Examine the file moviegoers.py, you will find an incomplete class MovieGoers and a main() method that test the MovieGoers class within the implementation file moviegoers.py. In the implementation file, you will find that the data members of the class MovieGoers have all been defined for you. You need to add a few lines of code in the constructor to read the information from a text file, interpret these lines of text properly, and store the information into the matrix. You are asked to complete the two methods that will be called from the constructor to build the matrix. Here are the tasks you need to complete.
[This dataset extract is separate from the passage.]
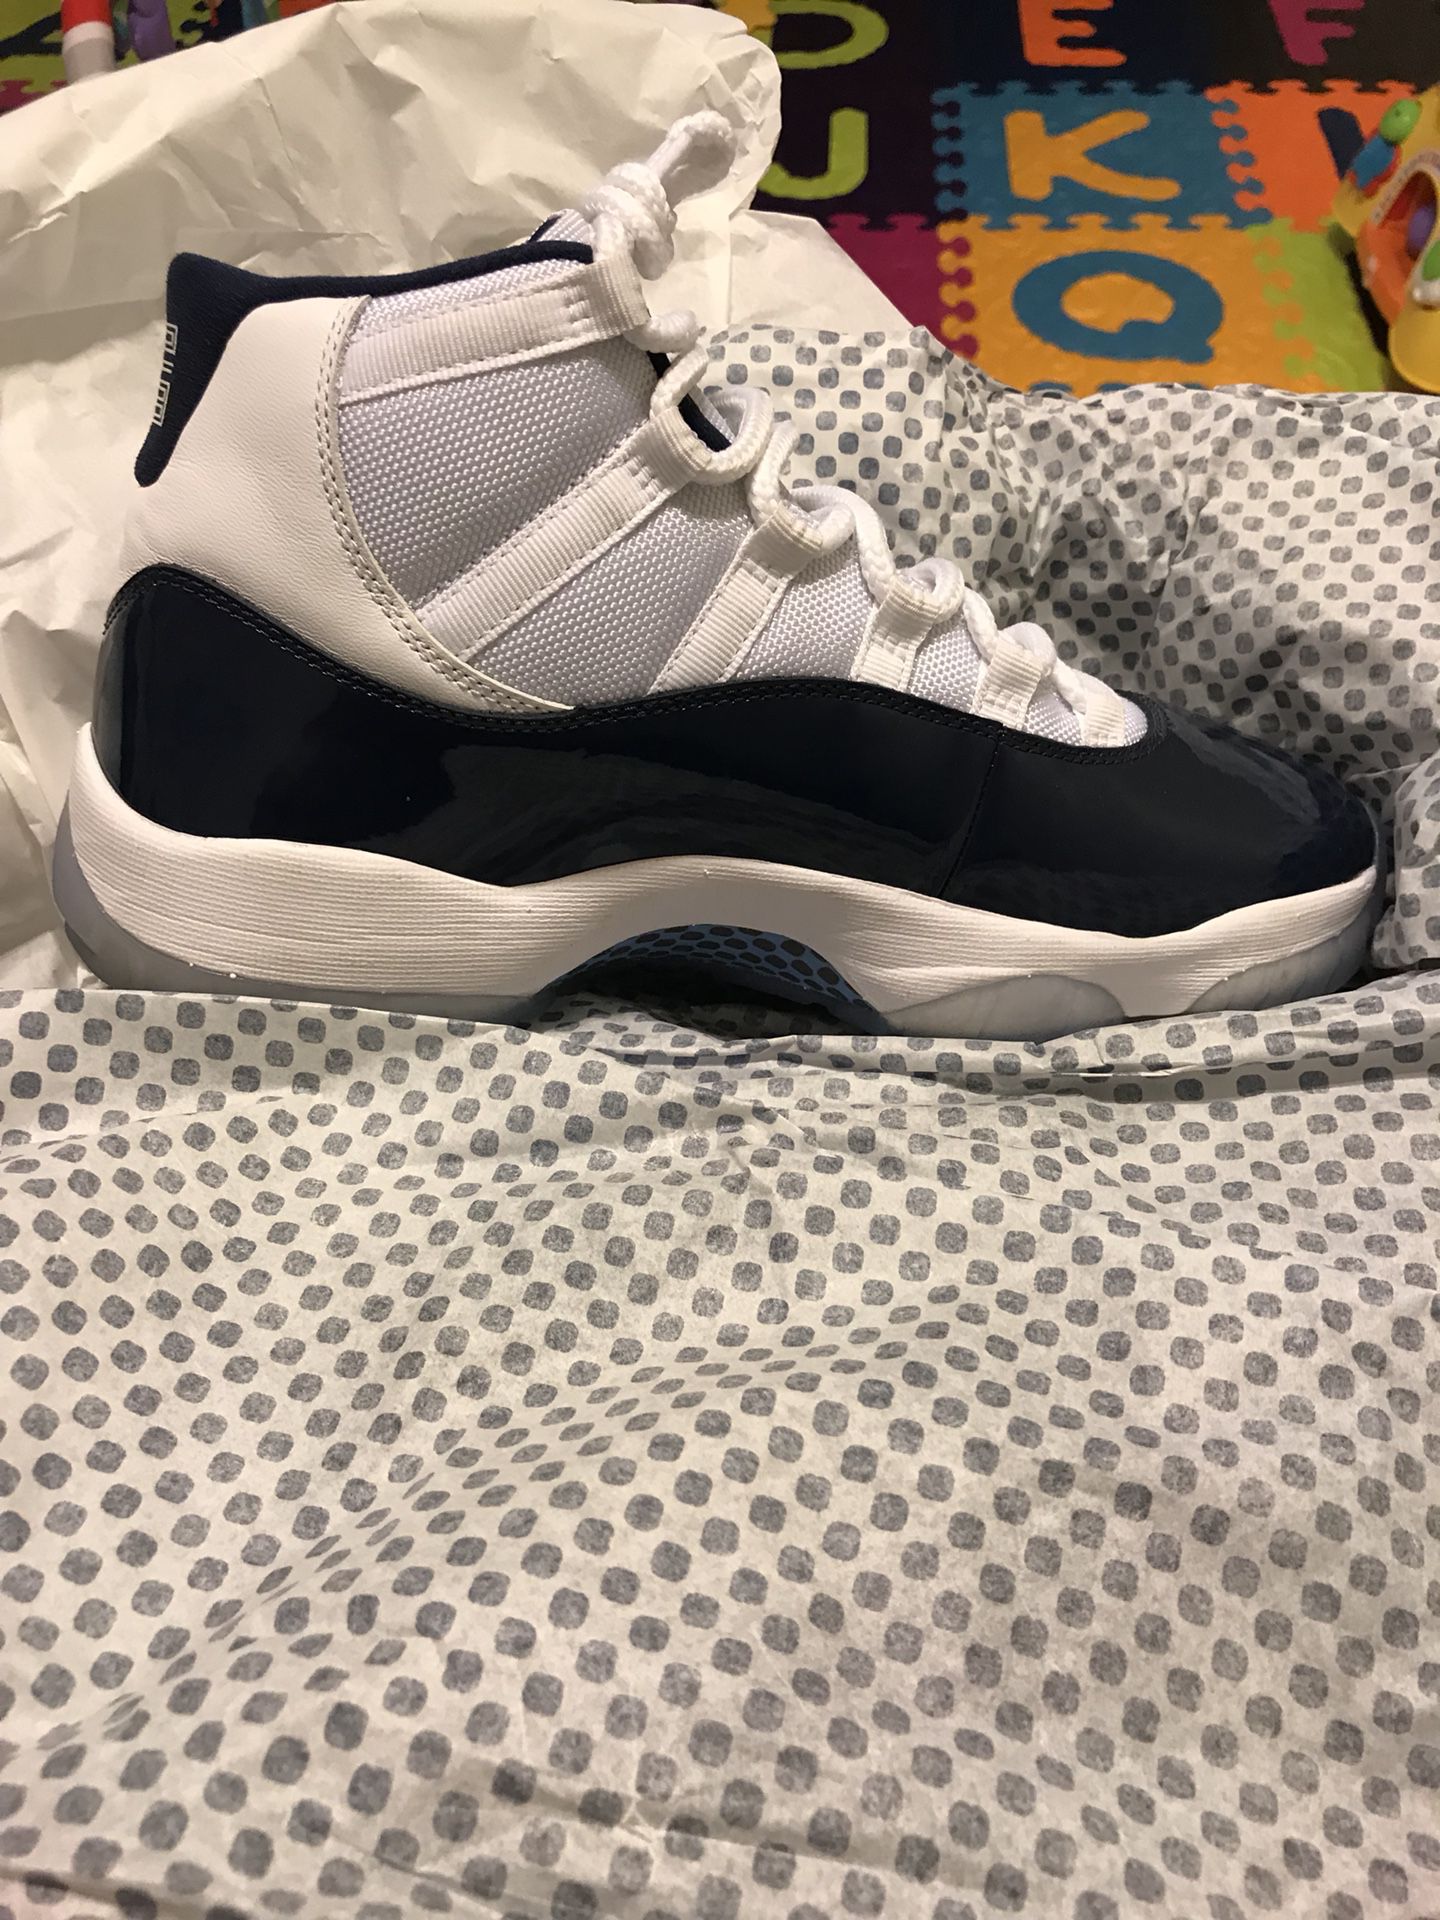 Nike air Jordan. Retro 11 white and blue size 9 price 220 or best ofert

  1. Open a text file by a given name and read all the lines in the file into the data member self.data.
  2. Parse the lines in the first part of the input data, which consists of an integer n and the names of a total of n top movies, followed by an integer m and a list of m student names. The split() method may be helpful here. The values of n and m can be any positive integers. You should look at the input file input-data.txt at this point to understand the structure of the first part of the input file. You need to implement the method self._read_data() which reads the list of movies into the 1-D array self.movies and the list of names into the 1-D array self.people. Note that the two integers n and m give you the size needed for creating the two arrays.
  3. Create the relation matrix self.matrix which stores the relation between the students and the movies they have watched. The dimension of the matrix is determined by the size of the people array (row) and the size of the movie array (column).
  4. Read the rest of the data that correspond to the matrix into the matrix just created using the method self._read_matrix().
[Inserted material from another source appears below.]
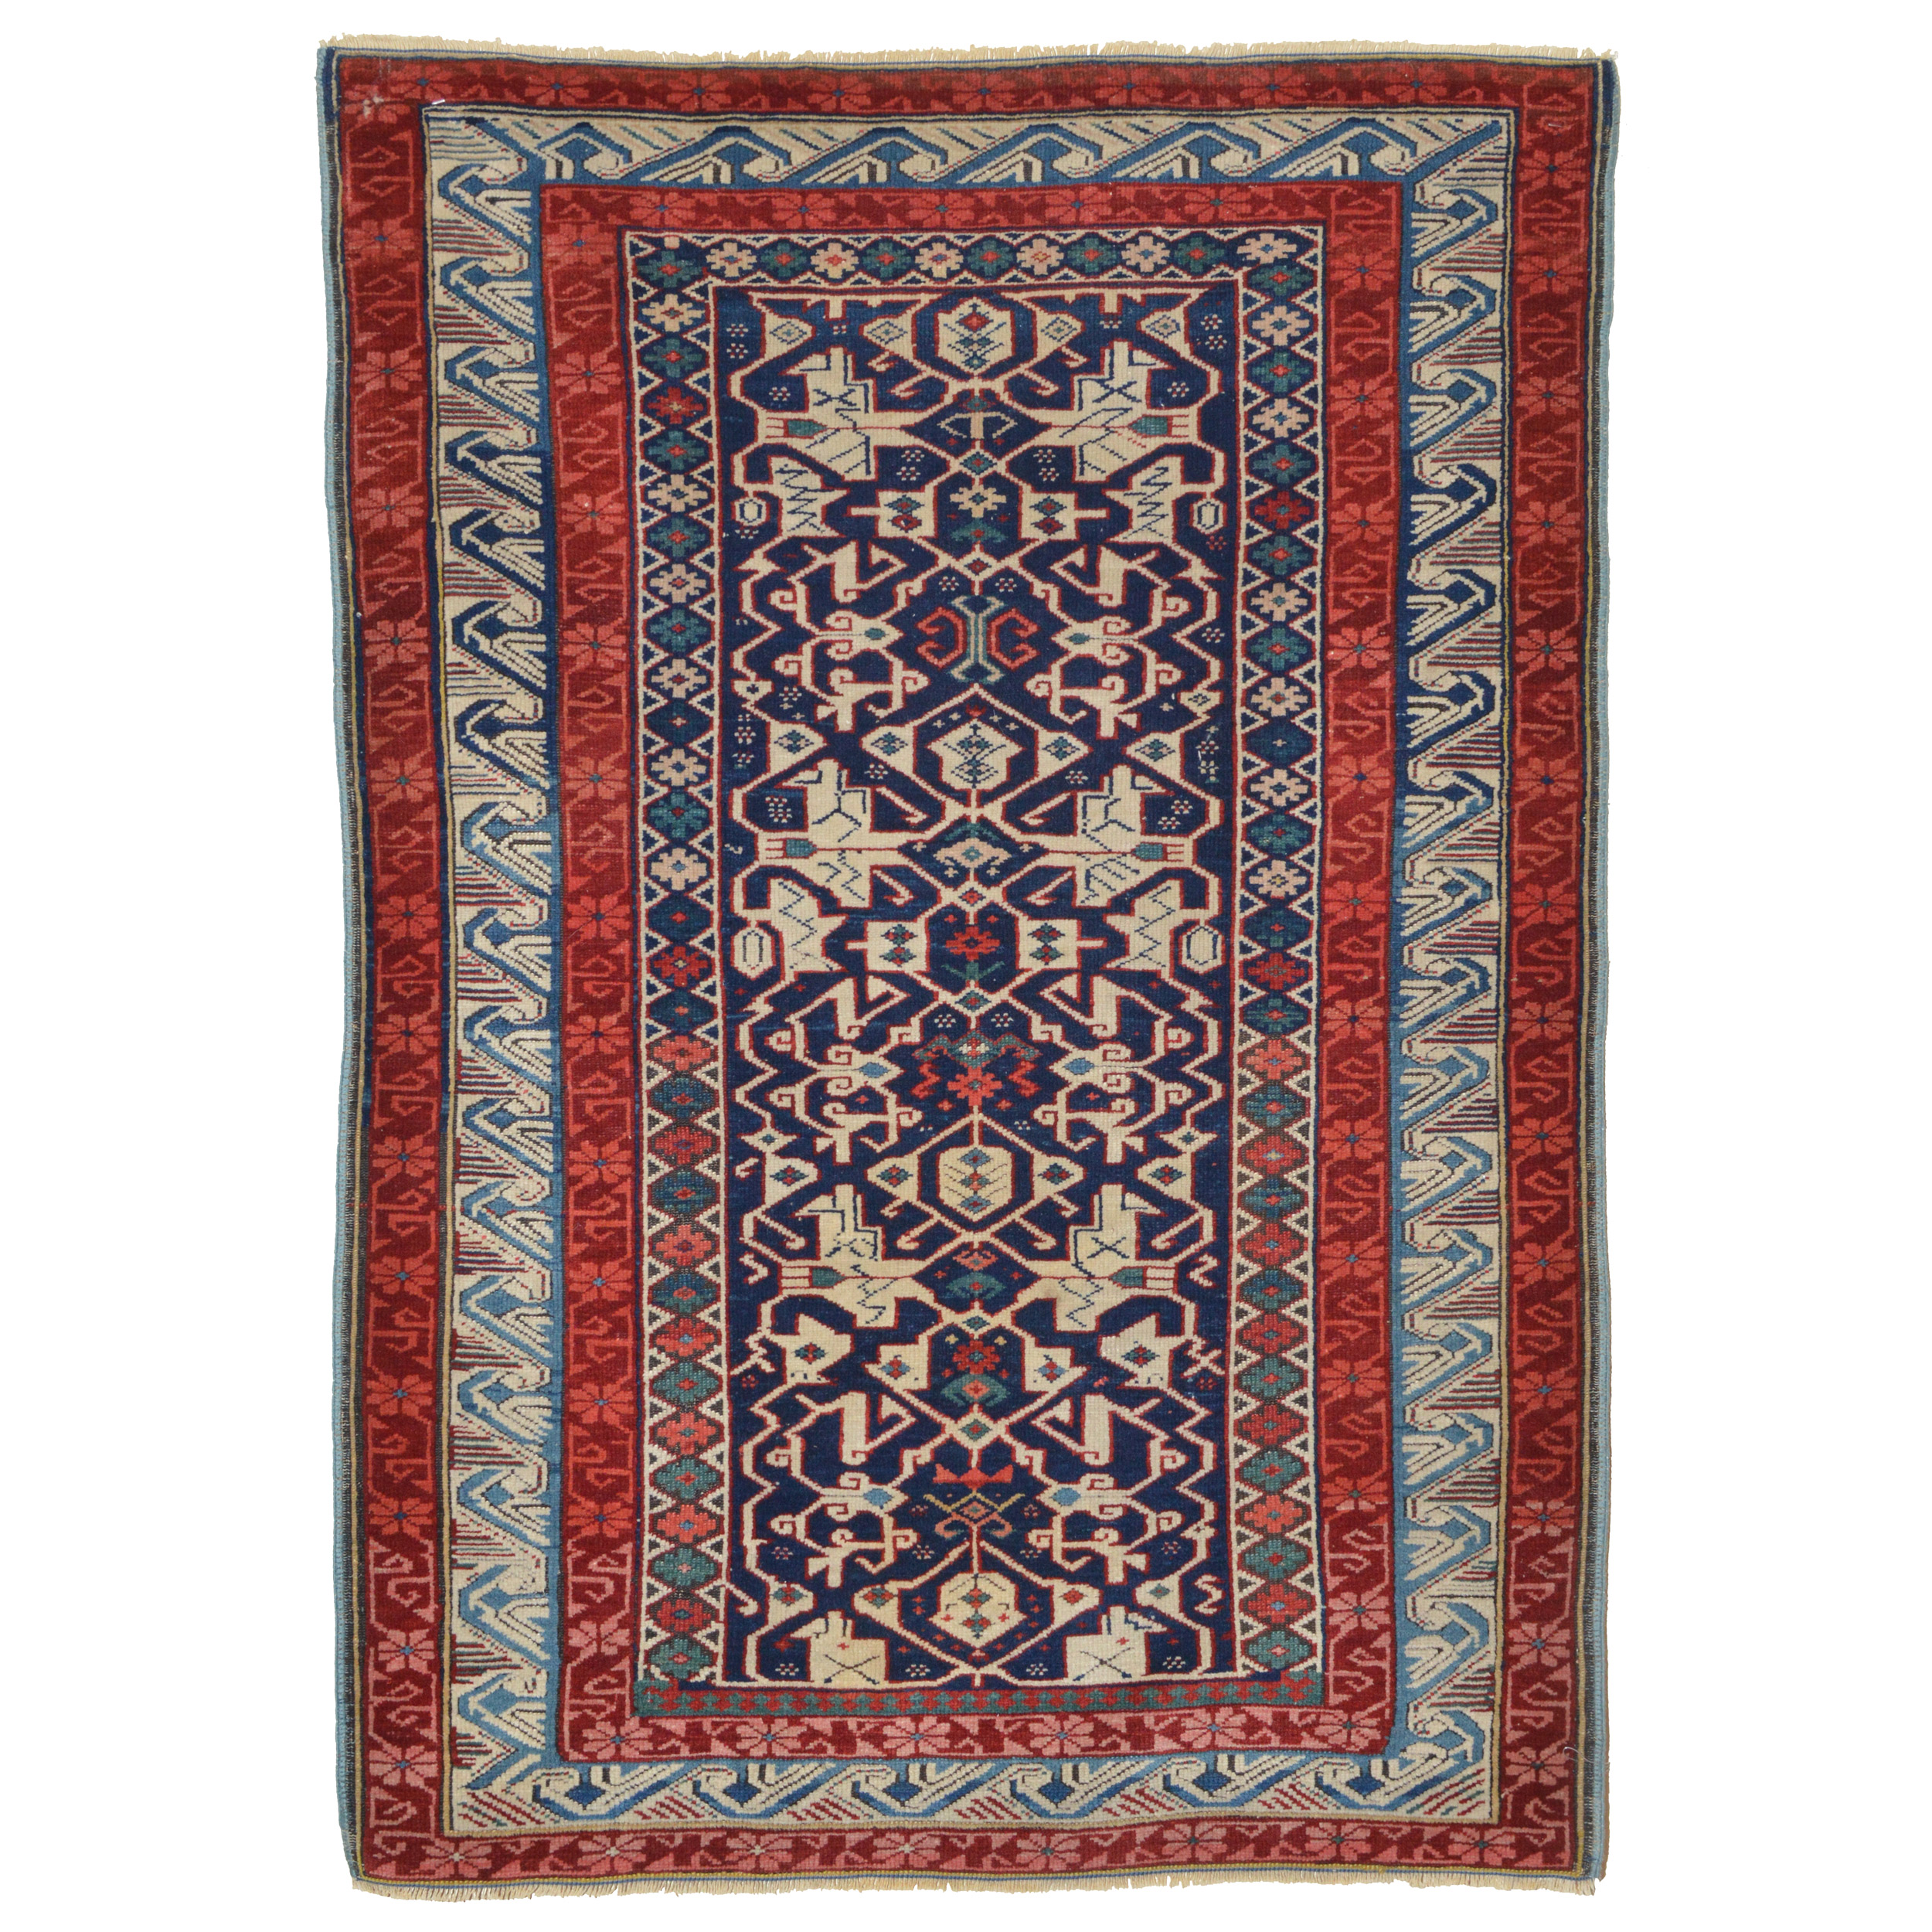 Antique Caucasian Seychour Kuba rug with a navy blue field that is framed by an ivory "running dog" or "wave" border, circa 1890. Douglas Stock Gallery, antique Oriental rugs Boston,MA area

When you finish these four tasks properly, you should be able to run the program moviegoers.py without errors, except that no results will be displayed since you haven't completed the method self.find_common() yet, which is our last task of the lab.
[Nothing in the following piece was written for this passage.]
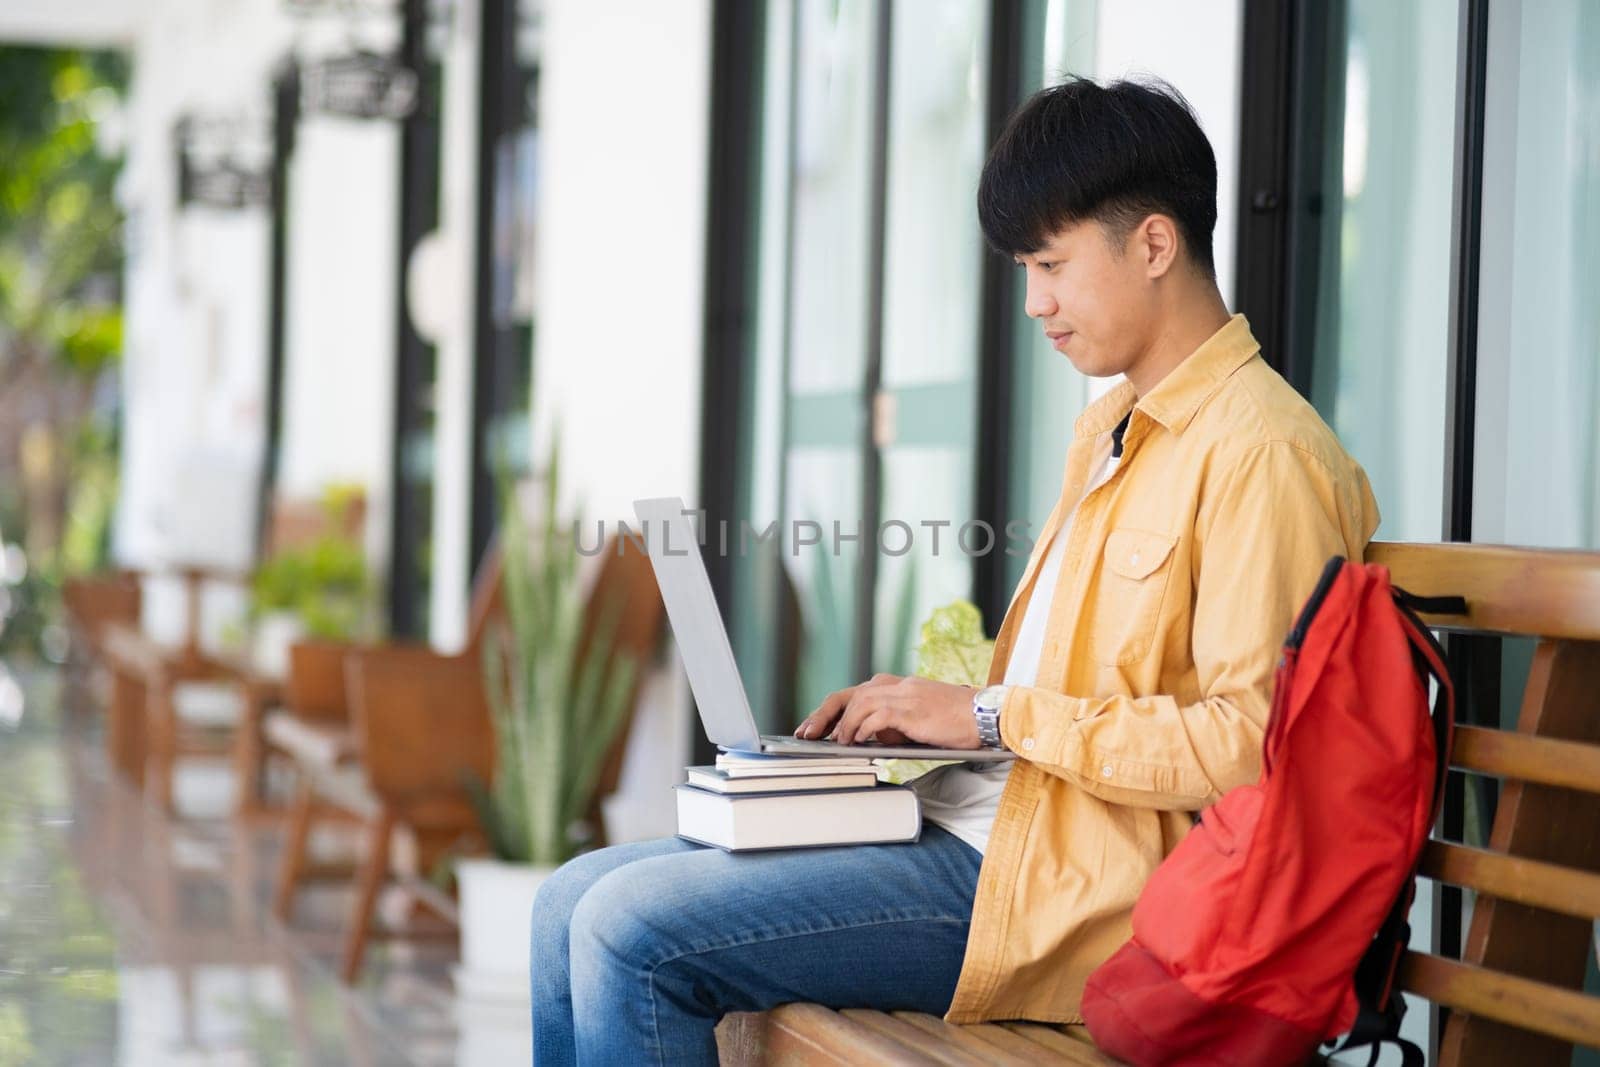 College Student Studying with Laptop on Outdoor Campus Bench by ijeab

The method find_common() will compute the common movies seen by the group of students and display the result of calculation. The computation in this method is straightforward now that your program has read the information properly. You need first to create a matrix that is the transposition of the original self.matrix using the matrix transpose() method. You then multiply the two matrices together to get the result. Use a print method to print the resultant matrix. When you run the program using the following command,

python moviegoers.py input-data.txt

You should see the result similar to the following.

matrix read as :
0 1 0 0 1 1 0 0 0 1
1 0 1 0 1 0 0 0 0 0
1 1 0 0 1 1 0 0 0 1
0 0 0 0 0 1 0 0 0 1
1 0 1 0 0 1 0 0 0 0
1 0 0 0 1 1 0 0 1 1

here is the interest measuring matrix
4 1 4 2 1 3
1 3 2 0 2 2
4 2 5 2 2 4
2 0 2 2 1 2
1 2 2 1 3 2
3 2 4 2 2 5

The first part of the output shows the movie watching matrix (given in the input file). Each line in this matrix shows the movies liked by a student. For example, Alice (first row) liked the 2nd, 5th, 6th, and 10th movies while Fred (sixth row) liked the 1st, 5th, 6th, 9th, and 10th movies. The second part of the output shows the interest measure matrix. Recall that this is the result of matrix multiplication. So the interpretation of the matrix should be something like, Bastian (2nd row) liked two of the same movies as Catlin (3rd column), Eva (5th column), and Fred (6th column), while he doesn't have any movies in common with Diego (4th column).

If your program produces the above result (the exact text or position could be different), your program is likely working correctly. Copy and paste the result into a text file called outputa.txt. Now please try your program with a different input data

python moviegoers.py test.txt

Copy and paste the result of this execution into a file called outputb.txt and make this a part of the submission file.

7. Submitting Your Work

Congratulations! You've completed this lab. Please make sure that your files are well-commented. Submit your program (all four Python files, including the ones given) and the two output data files to Moodle.